> **About this task**
Working from the listing below, pick each line containing the word "mass" and copy it.

> **Information shown**
▼

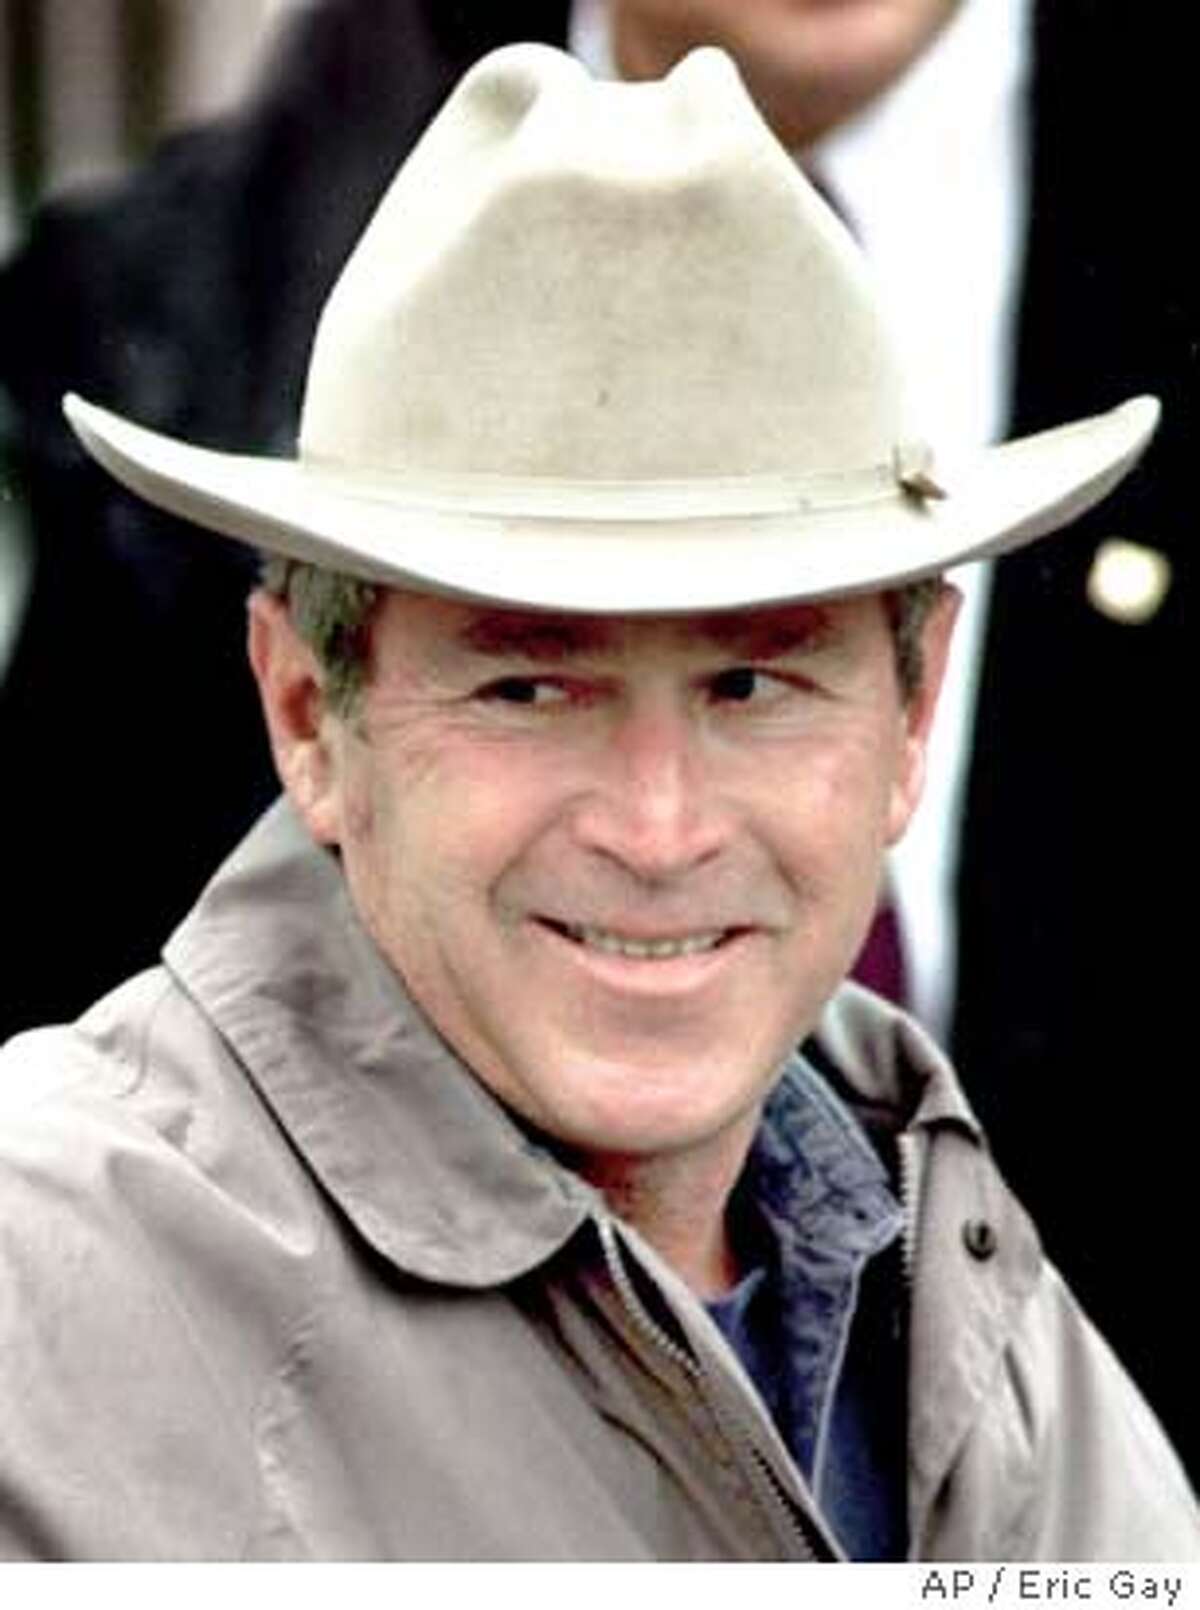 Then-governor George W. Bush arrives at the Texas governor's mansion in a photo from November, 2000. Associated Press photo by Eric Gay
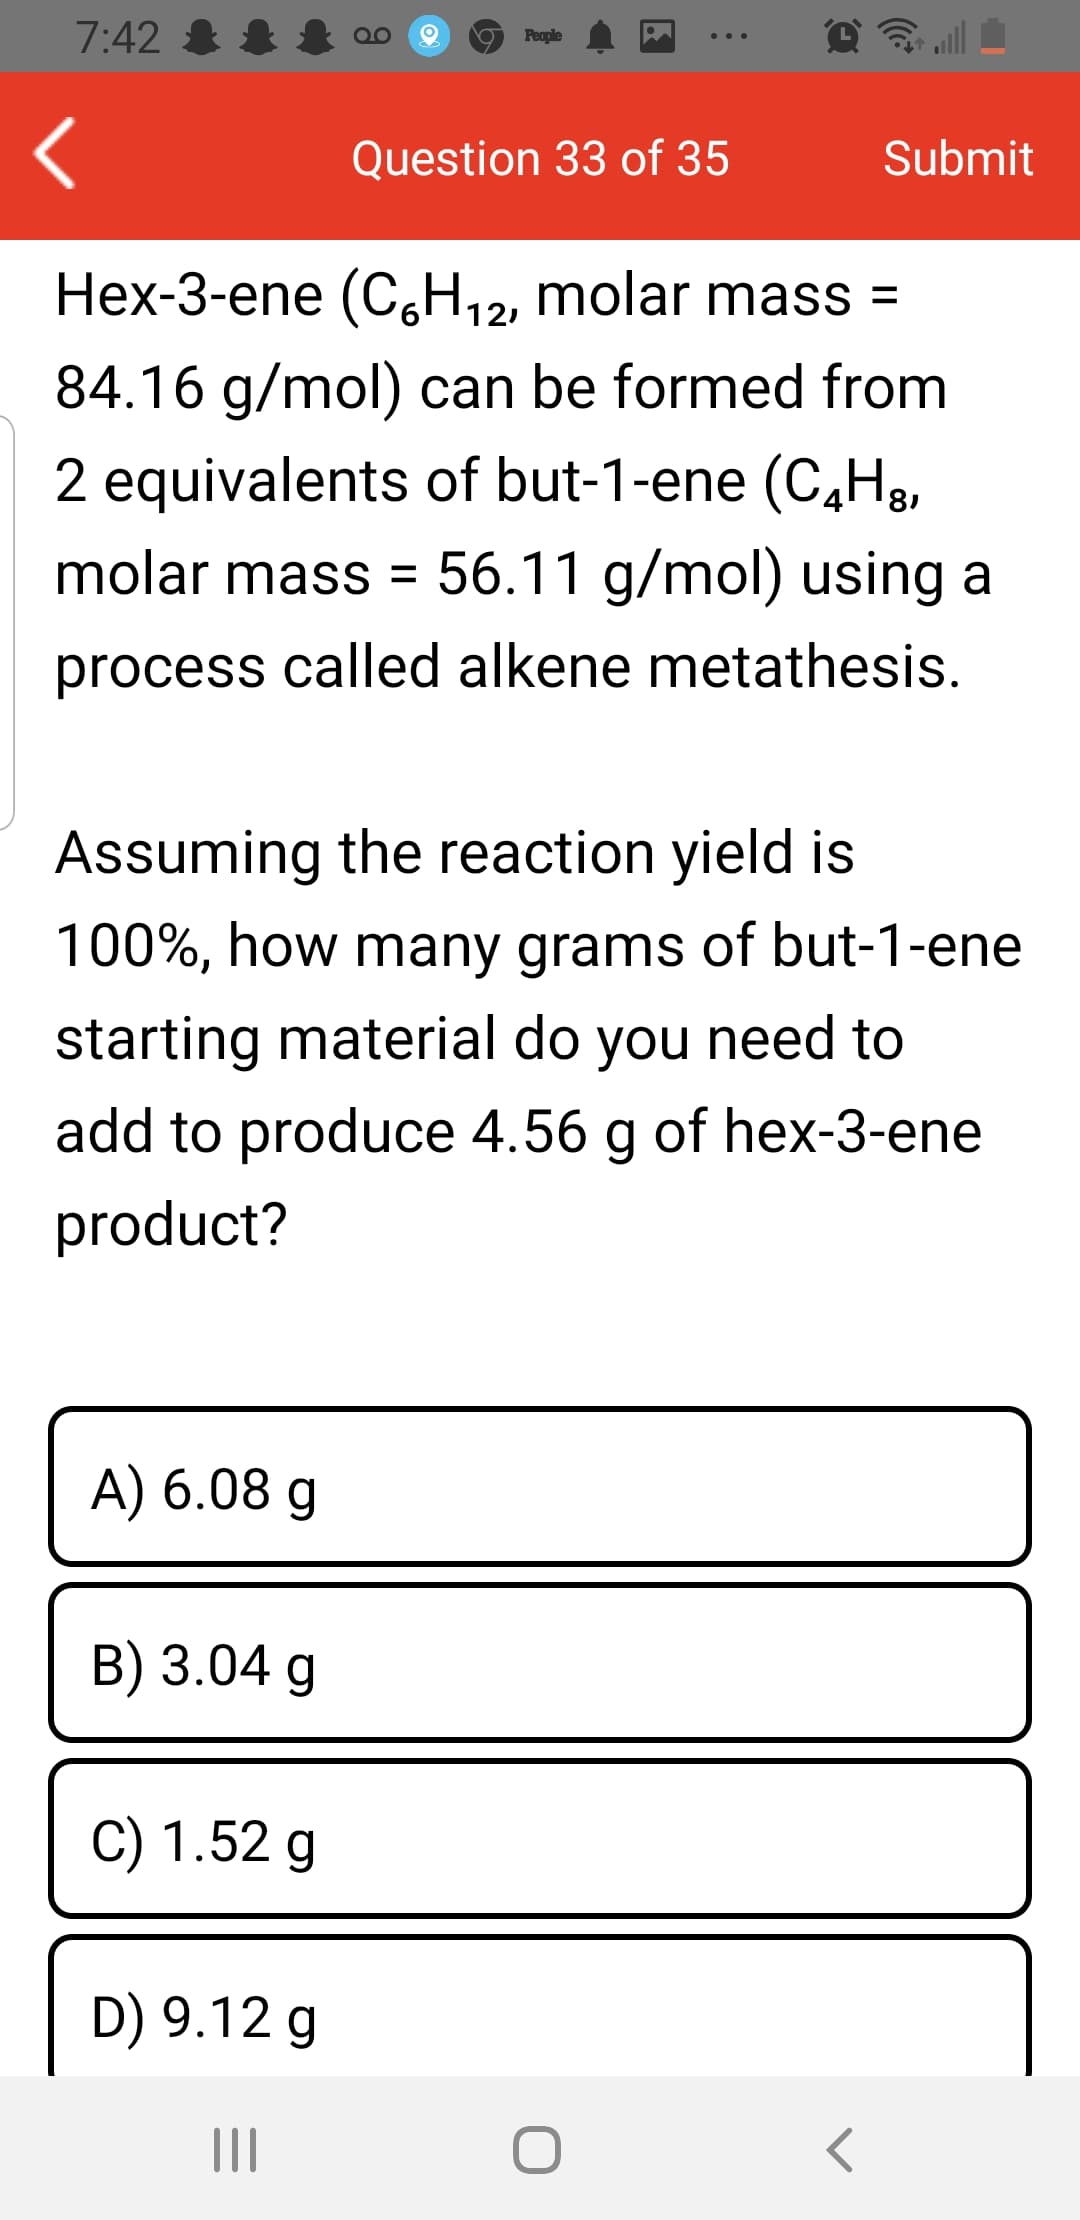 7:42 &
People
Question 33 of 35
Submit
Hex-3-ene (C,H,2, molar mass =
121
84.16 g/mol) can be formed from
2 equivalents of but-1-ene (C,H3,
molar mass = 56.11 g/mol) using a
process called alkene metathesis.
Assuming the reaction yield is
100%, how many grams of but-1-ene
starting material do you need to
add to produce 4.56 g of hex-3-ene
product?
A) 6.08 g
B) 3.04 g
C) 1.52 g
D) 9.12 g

▲

> **Response area**
Hex-3-ene (C,H,2, molar mass =
molar mass = 56.11 g/mol) using a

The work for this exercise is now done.